An executive coaching client was recently offered her dream job: exciting work, inspiring executive management, blue sky growth and development.
But there was a problem.
“It’s in the Bay Area,” she told me, her voice flat and resigned. “I hate the Bay Area.”
This client, a young woman in a technical field, is a rising star in her organization. She is thriving in her current role; it’s just that, well, this new opportunity would be a leap upward.
“If this job were in Seattle, I’d take it in a second,” she said. “But the idea of moving to the Bay Area …” she trailed off.
“I love my life in Seattle,” she picked up again. “I mean, I have hiking dates planned after work all summer. You can’t do that in the Bay Area — you have to drive hours and hours to get into the woods.”
“OK, let’s look at some ‘base rates’ of this move,” I suggested, drawing on Chip Heath and Dan Heath’s 2013 book on decision making, “Decisive: How to Make Better Choices in Life and Work.”
One of the tactics suggested by the Heath brothers is to think of people who’ve faced a similar situation and how they fared. “This involves looking for, in statistics terminology, some ‘base rates’ on the situation — data showing the record of other people in similar circumstances,” they write.
“Do you know people who moved from Seattle to the Bay Area to work in that organization?” I asked my client. “How are they doing?”
She said she had friends who did just that.
“They’re miserable,” she said flatly. “They love their jobs, but they hate their lives.”
That’s one base rate.
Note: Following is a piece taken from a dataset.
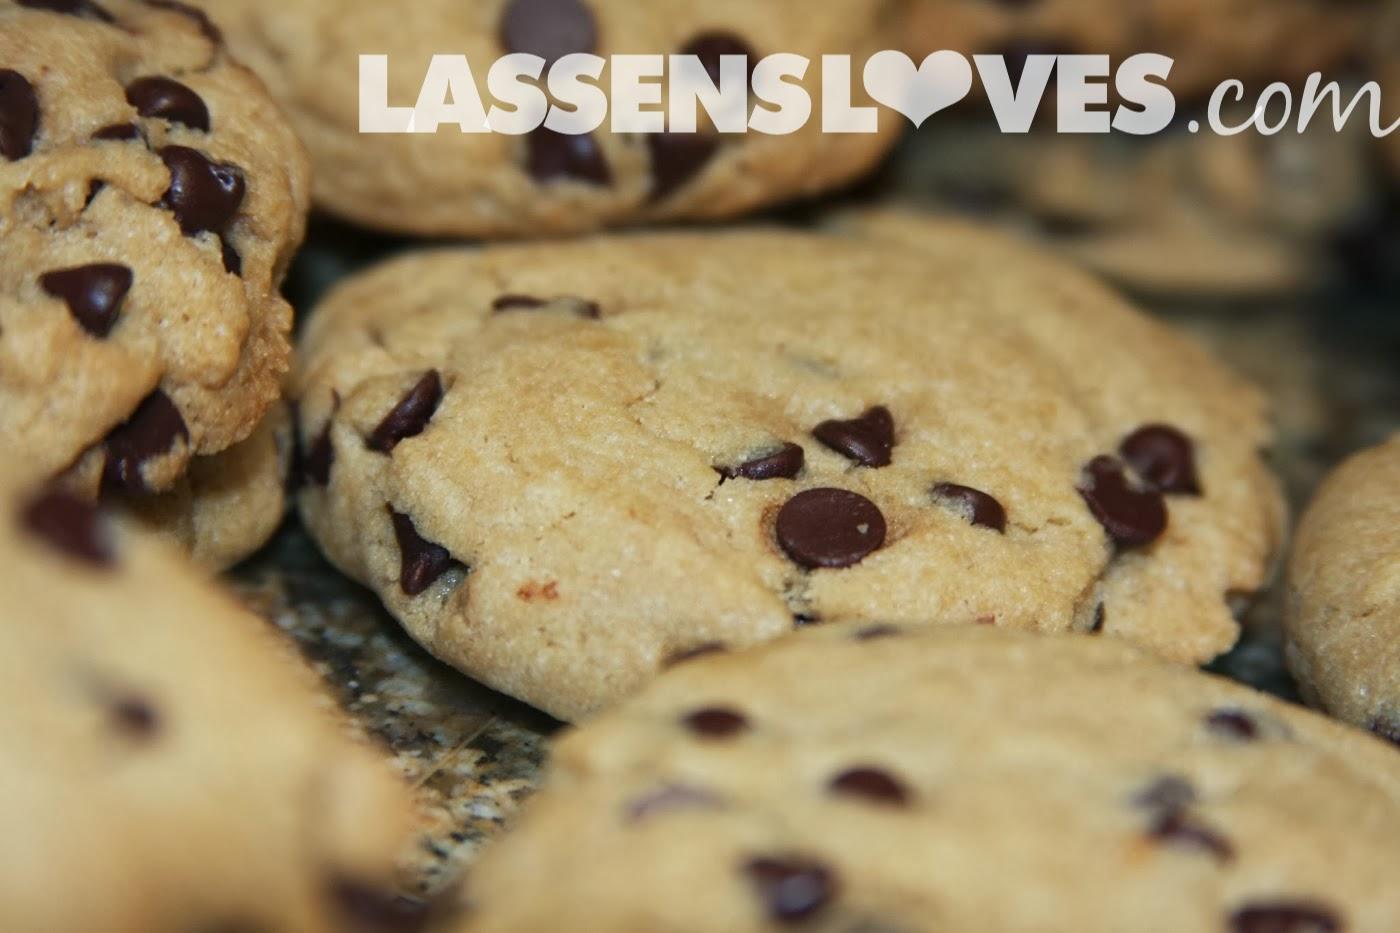 lassensloves.com, Lassen's, Lassens, Arnel's Gluten Free, Baking Mixes

I took another angle. “Let’s pretend you decided to take the job and you figured out how to be happy in the Bay Area,” I proposed. “How did you do it?”
She gamely engaged in the thought experiment.
“I guess I’d find housing near the company so I don’t have a 90-minute commute,” she said. “I’d work heads down all week, and then I guess I’d fly back to Seattle some weekends to see my fiancé and my dog and my friends.”
She didn’t look happy.
“I’m serious about my career,” she said. “I just feel like, as a young woman in tech, I can’t turn it down if I’m going to show that I am actually serious about my career.”
“What if we reframe that,” I suggested. “What if we agree that you are very, very serious about your career — on your own terms.”
“Your career on your terms is in Seattle,” I said. “You’re building a career and you’re building a life, and both are important.”
She looked at me, a smile slowly lighting up her face. Her dog owes me.